Just had my first pdf-file indexed. Neat! But our national characters (åäö) are shown as questionmarks.

So I had two test files indexed. In the one with text as ISO-Latin-1 the national characters were dropped. The one that is UTF-8 coded shows correctly on a search.

Is this indicating that I should try a later version of tika? I'm using tika-0.3 as from the README for extraction.

/BoK

Support from Acquia helps fund testing for Drupal Acquia logo

Comments

pwolanin’s picture

I'm not sure where Tika get the encoding information - you can try 0.4, but it might be an issue with the encoding specified in the document (or lack thereof)

An alternative is to try using the extracting request handler, since we are sending the doc as form data and for this:

Each part may be encoded and the "Content-Transfer-Encoding" header supplied if the value of that part does not conform to the default (7BIT) encoding (see [RFC2045], section 6)

http://www.w3.org/TR/html401/interact/forms.html#h-17.13.4.1

see: http://drupal.org/node/490078

cyberguyen’s picture

I don't think it's isolated to pdf, since I have the same problem with doc and dox files regarding danish characters æ ø å

The UTF-8 content in the drupal site is indexed without a problem, so I think is has something to do with Solr Attachments and the Tika output.

Im running the following on Windows 2003 server:

  • Drupal 6.14
  • Apache/2.2.14(Win32) with mod_ssl
  • PHP 5.2.10
  • Apache Solr Attachments 6.x-2.0-alpha1
  • Tika 0.4
  • Solr Implementation Version: 1.4.0 833479
  • pwolanin’s picture

    Try extracting the documents with tika on the command line and look at the output.

    It could be an issue with tika detecting the language or encoding. Trying locally, Tika 0.3 and Tike 0.4 report utf-8 text files as Content-Encoding: ISO-8859-1

    It does not report any conent encoding for my PDFs.

    see:

    https://issues.apache.org/jira/browse/TIKA-209

    Also, look at the java source:

    apache-tika-0.4/tika-core/src/main/java/org/apache/tika/detect/TypeDetector.java

    I just found one intersting fact - extracting with -t ruins utf-8 content while extracting with -x as xhtml preserves it.

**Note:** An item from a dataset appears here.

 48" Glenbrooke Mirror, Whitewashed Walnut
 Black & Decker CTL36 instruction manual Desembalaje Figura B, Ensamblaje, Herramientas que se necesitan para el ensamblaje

    So this could be a bug in the text serializer.

    As a work around, try changing the code to use "-x" instead of "-t"

    compare:

    $ java -jar tika-app-0.4.jar -t ./test.txt 
    I?t?rn?ti?n?liz?ti?n
    
    $ java -jar tika-app-0.4.jar -x ./test.txt 
    <?xml version="1.0" encoding="UTF-8"?>
    <html xmlns="http://www.w3.org/1999/xhtml">
    <head>
    <title/>
    </head>
    <body>
    <p>Iñtërnâtiônàlizætiøn
    </p>
    </body>
    </html>
    
    pwolanin’s picture

    Yes - this is a tika bug for sure.

    Attached to this issue https://issues.apache.org/jira/browse/TIKA-324 is a patch for tika 0.4 that fixes it.

    pwolanin’s picture

    Important note: using the extracting request handler in Solr, the content comes out correctly already:

    $ curl 'http://localhost:8983/solr/extract/tika?extractFtest.txt=@test.txt"=1' -F "m
    {
    "responseHeader":{
    "status":0,
    "QTime":2},
    "test.txt":"Iñtërnâtiônàlizætiøn\n\n\n",
    "test.txt_metadata":[
    "stream_source_info",["test.txt"],
    "stream_content_type",["text/plain"],
    "stream_size",["28"],
    "Content-Encoding",["UTF-8"],
    "stream_name",["test.txt"],
    "Content-Type",["text/plain"]]}

    pwolanin’s picture

    Ok, see last comments on the Tika issue - it's as much asn issue with the way java handles the default system encoding.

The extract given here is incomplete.